When I wrote the rules for approving open source licenses, I didn't think that we'd get such a gold rush of companies that there would be 70 such licenses today. Dealing with the combinations of those 70 is too complicated. I direct my customers to three licenses that are compatible with each other and that provide for most of the business purposes of releasing open source. That's all you need.
I think our next steps might not be in software. Today, Wikipedia is one of the world's largest content providers, and it's open content. What else can we do like that?
What are the next steps needed for open source as a software production methodology to reach the next level?
Well, we really are at the next step for a lot of software development. We define the best practices in software development today. After all, how many companies have software staff that are as motivated to work for them as the open source developers are motivated to make something that everybody shares?
Most proprietary software is written with the assumption that nobody's looking over the programmer's shoulder. With open source, the whole world is looking over the programmer's shoulder. Programmers write better code because they know that. Consider what happens today when a programmer is hired. How can any company tell much about the quality of their work? You can't get much good data out of their previous employer, if you can get any. But you can look at their open source code, and you can check out their interaction on the project's discussion lists and see if they are a team worker or a flamer. So, I think a lot of programmers realize today that their open source work is their resume. That's a big quality incentive.
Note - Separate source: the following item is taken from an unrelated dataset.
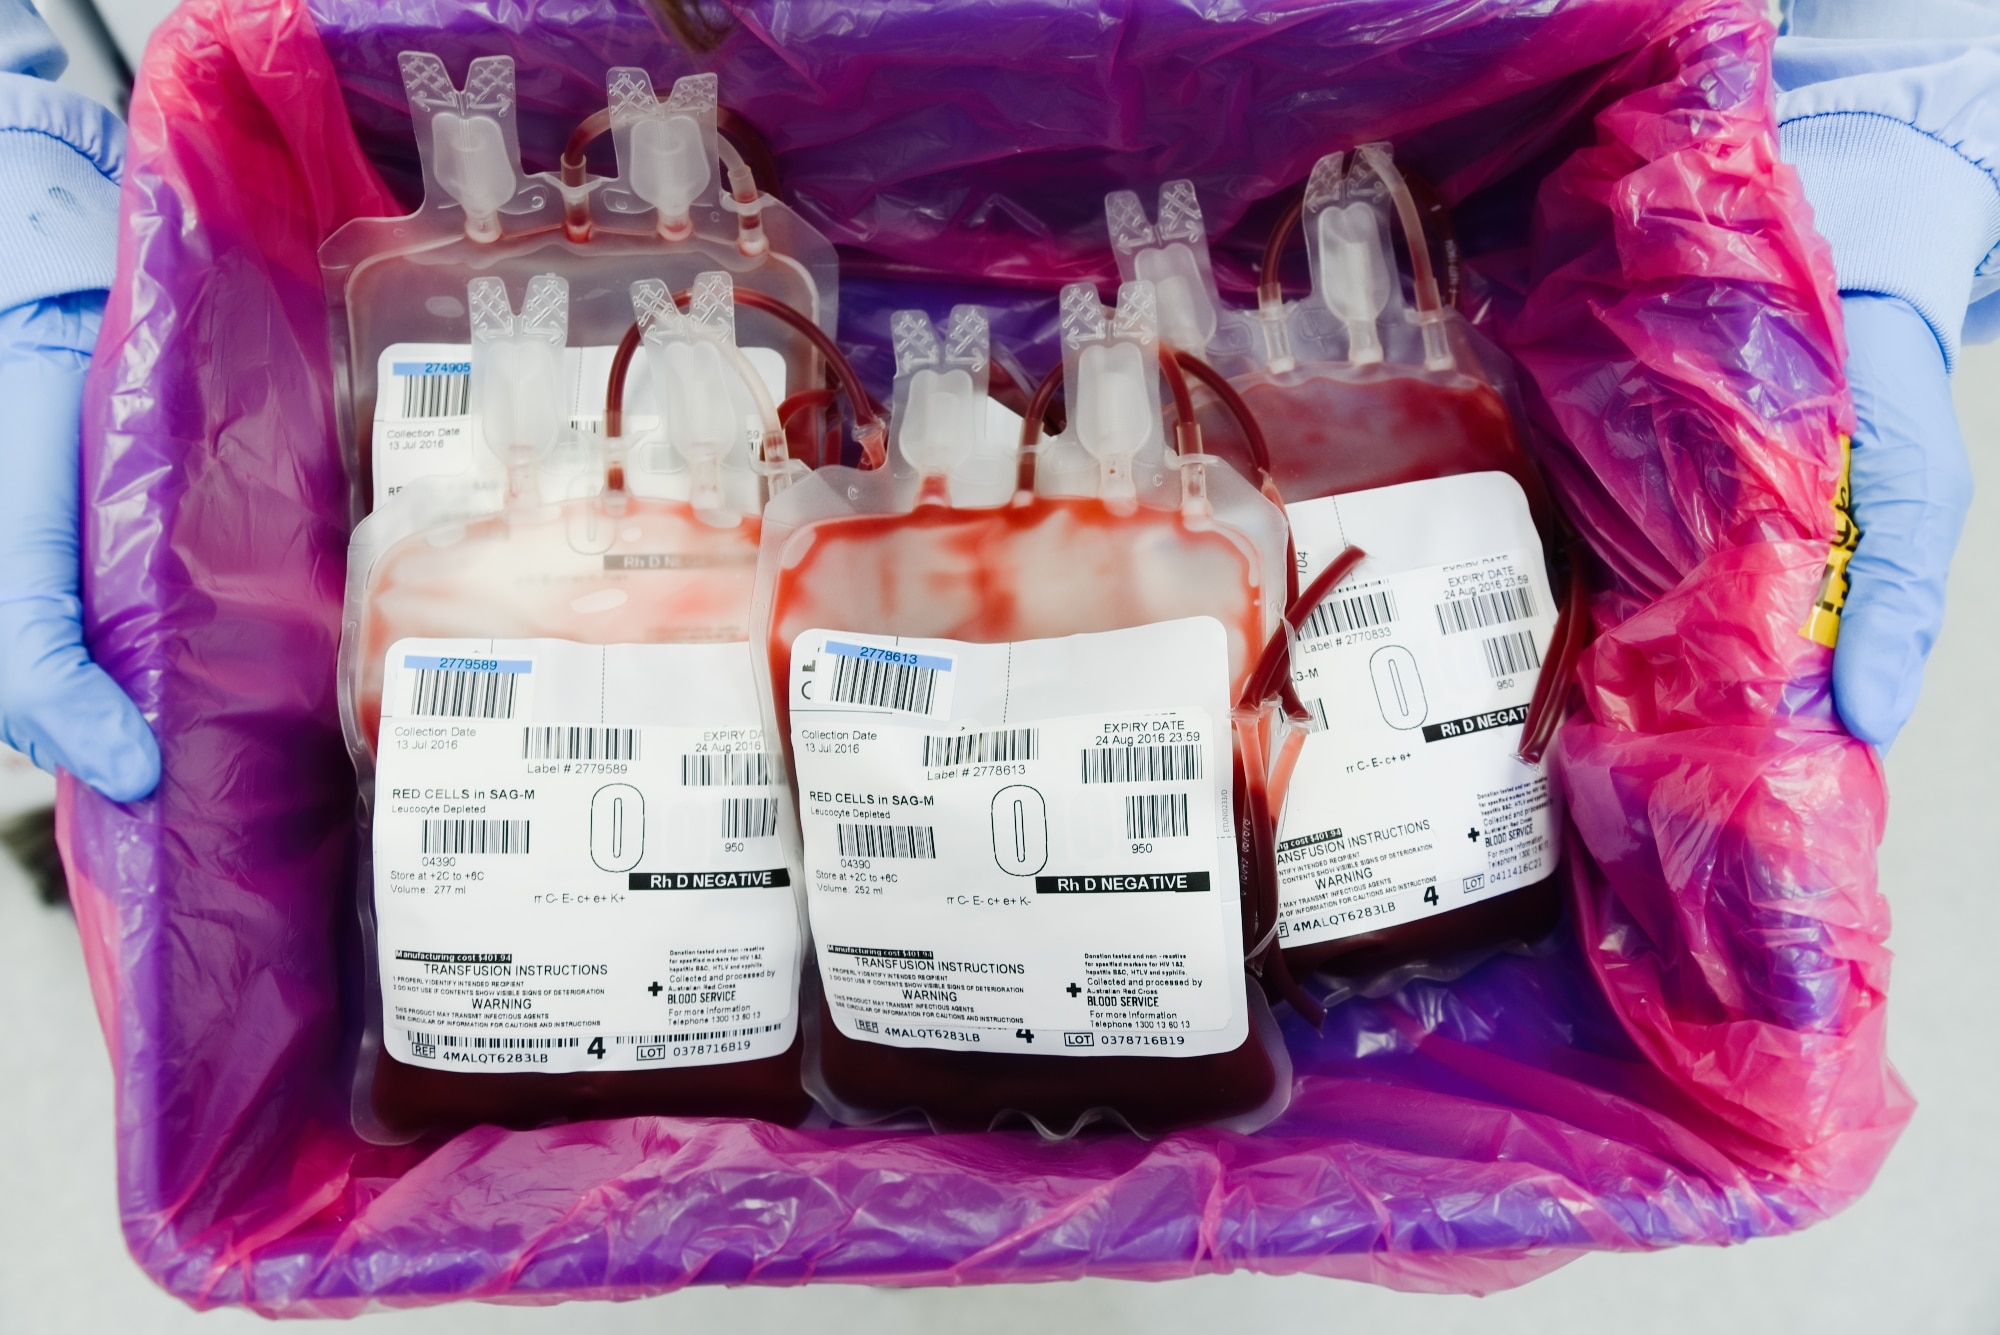 Australia needs more than 3,200 blood donors in less than a week.

But what would I like to see for a next step? I would like to aim high. See that Macintosh desktop? It's got great consistency, it treats the user pretty well. Can we beat it? I think it's possible, but it would take strong leadership and a dedicated team.
When I left Pixar in 1999, Steve Jobs still didn't believe that open source could produce a good GUI at all. Two years later, he introduced Safari, which was derived from open source GUI work, while standing in front of a slide that said "open source, We Love It." I guess I won that argument.